EU regulators start review of China’s Sinovac vaccine
The European Union’s drug regulator announced Tuesday that it has started a rolling review of China’s Sinovac coronavirus vaccine to assess its effectiveness and safety, a first step toward possible approval for use in the 27-nation bloc.
The European Medicines Agency said Tuesday that its decision to start the review is based on preliminary results from laboratory studies and clinical studies.
“These studies suggest that the vaccine triggers the production of antibodies” that fight the coronavirus “and may help protect against the disease,” the agency said in a statement.
The EMA, which so far has approved four coronavirus vaccines, added that no application seeking marketing authorization for the Sinovac vaccine has been submitted yet.

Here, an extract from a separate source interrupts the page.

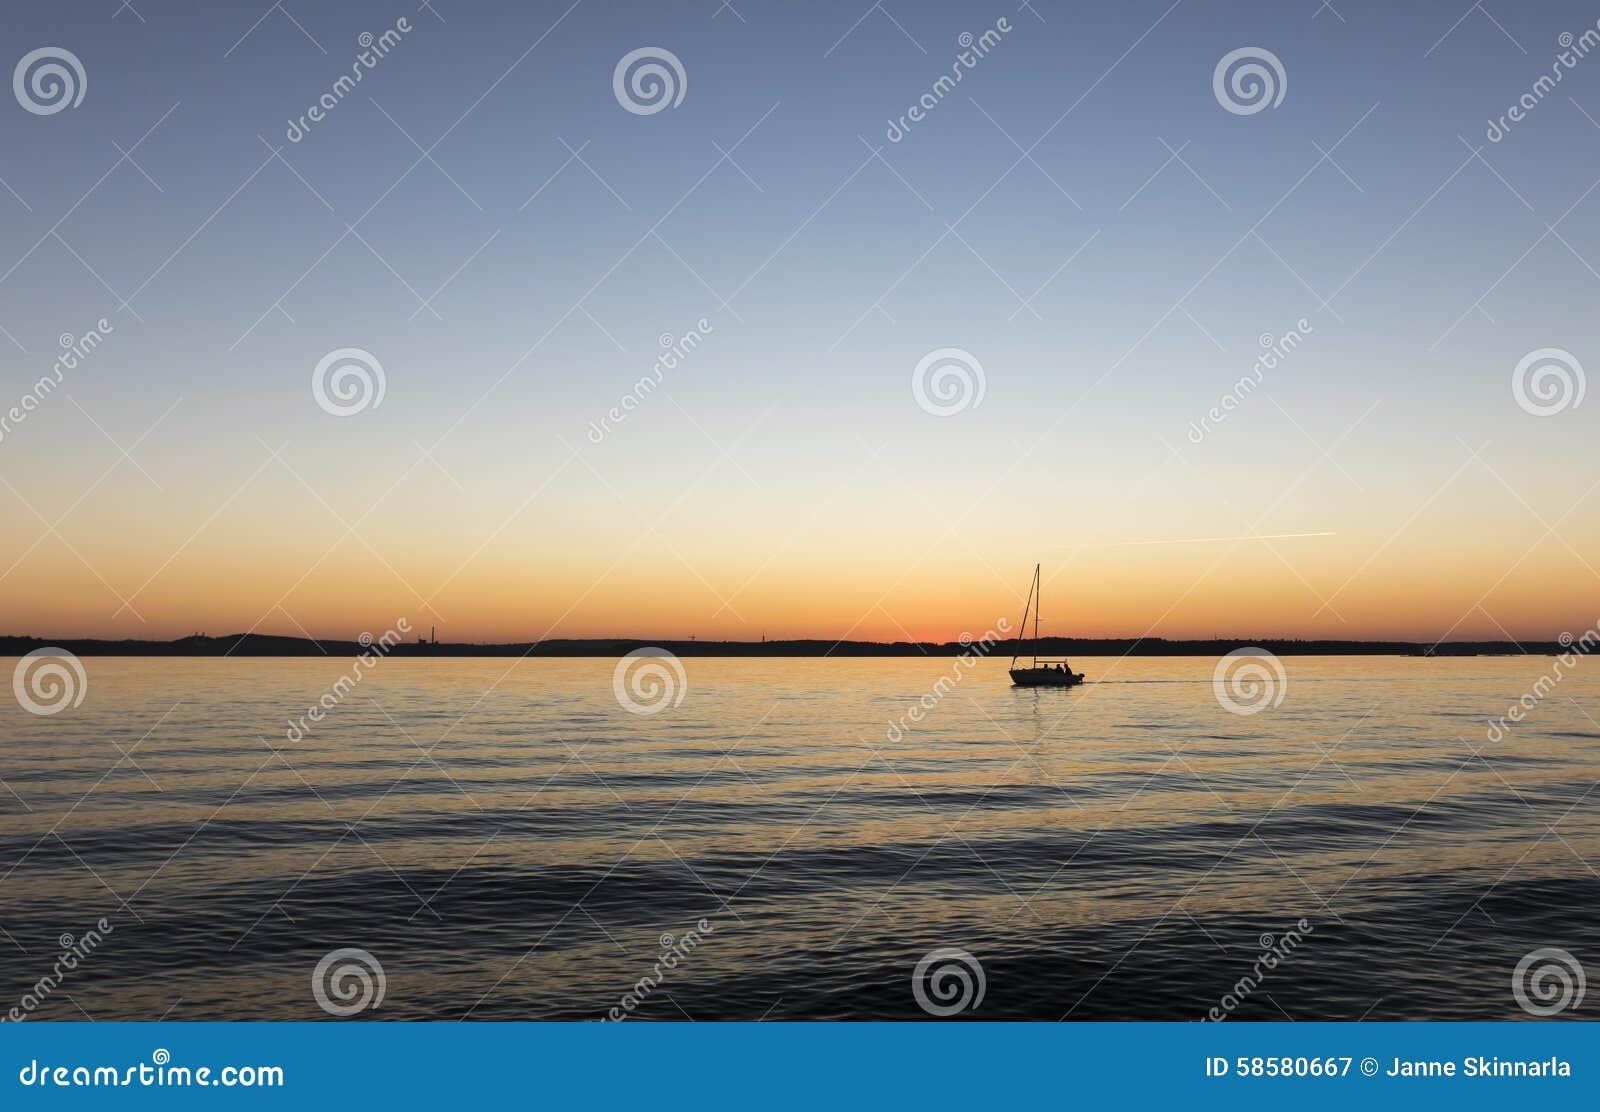 summer lake hispanic single men Welcoming str8 m/f couples/single women/single men: details: perverted piñata partylatin vibe by swinghearts white lake, ny: summer white party at the.
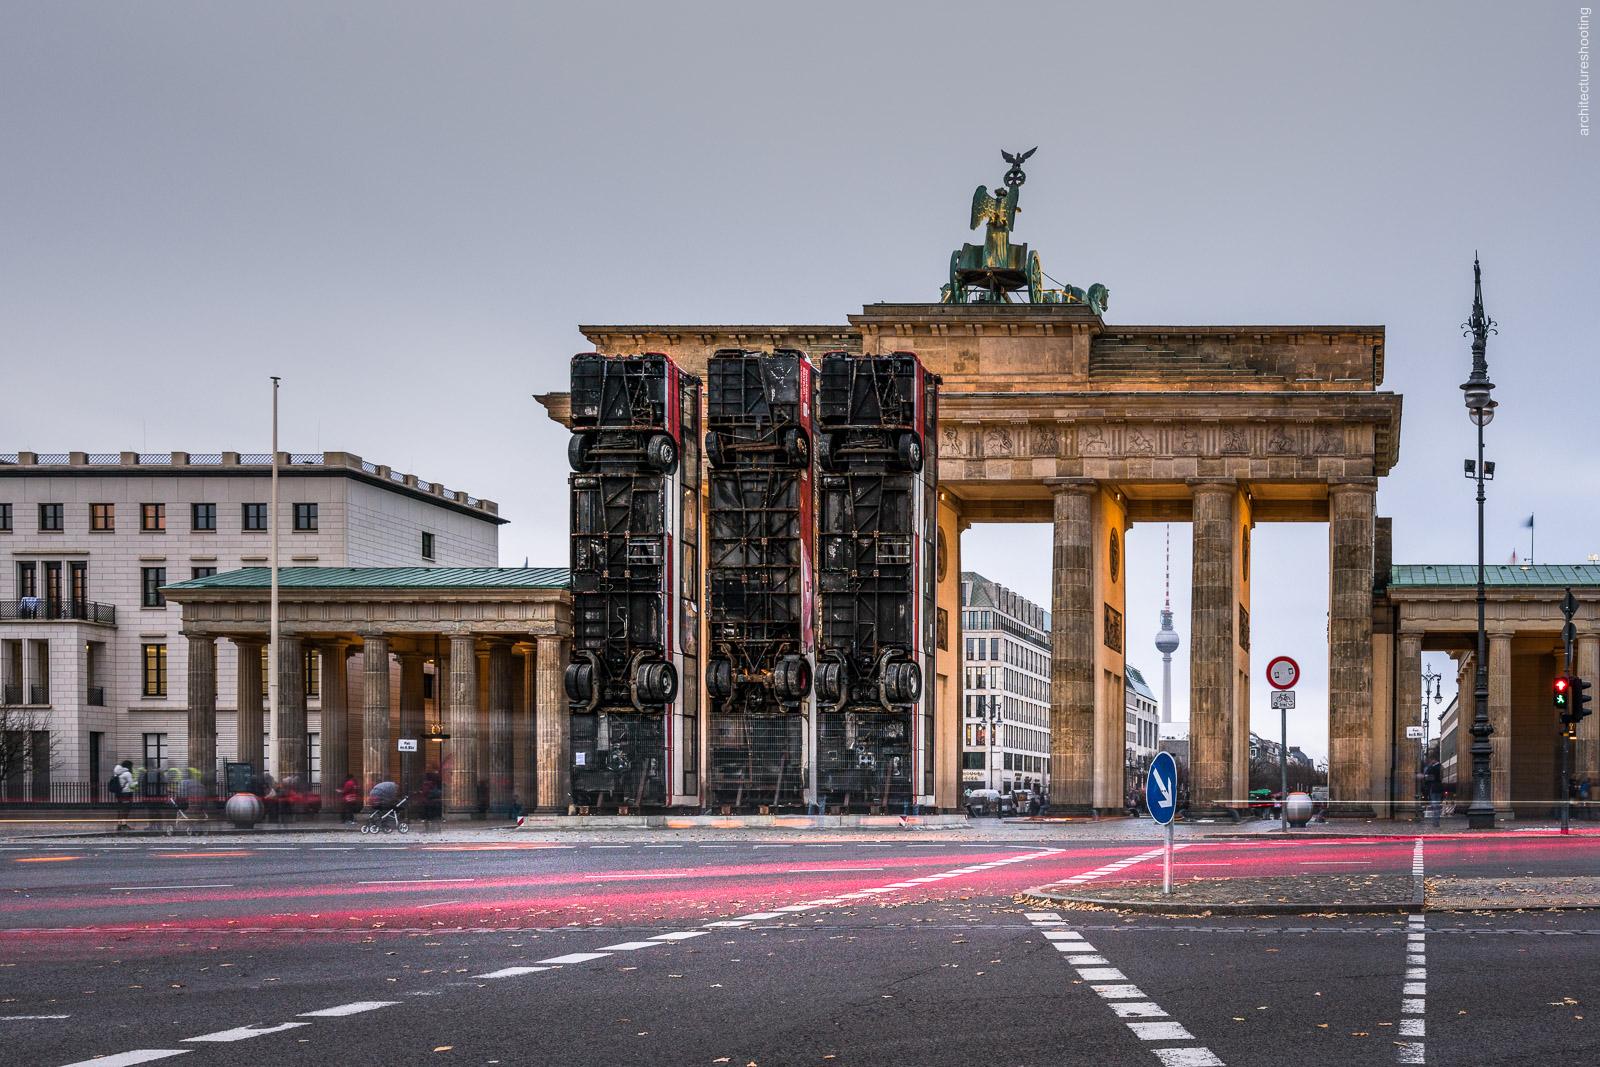 Monument - Brandenburger Tor, Berlin - Manaf Halbouni, November 2017 - Foto: Markus Gröteke / architecureshooting

The agency said its experts will “evaluate data as they become available to decide if the benefits outweigh the risks” of the vaccine. The rolling review will continue until “enough evidence is available for a formal marketing authorization application,” the EMA said, adding that it could not predict timelines.
The announcement from the Amsterdam-based agency came a day after a top World Health Organization official said the WHO is set to decide this week whether to approve two Chinese COVID-19 vaccines for emergency use.
Such approval would mark the first time that a Chinese vaccine had been granted a so-called emergency use listing from the U.N. health agency, and would trigger a broader rollout of Chinese vaccines that are already being used in some countries beyond China.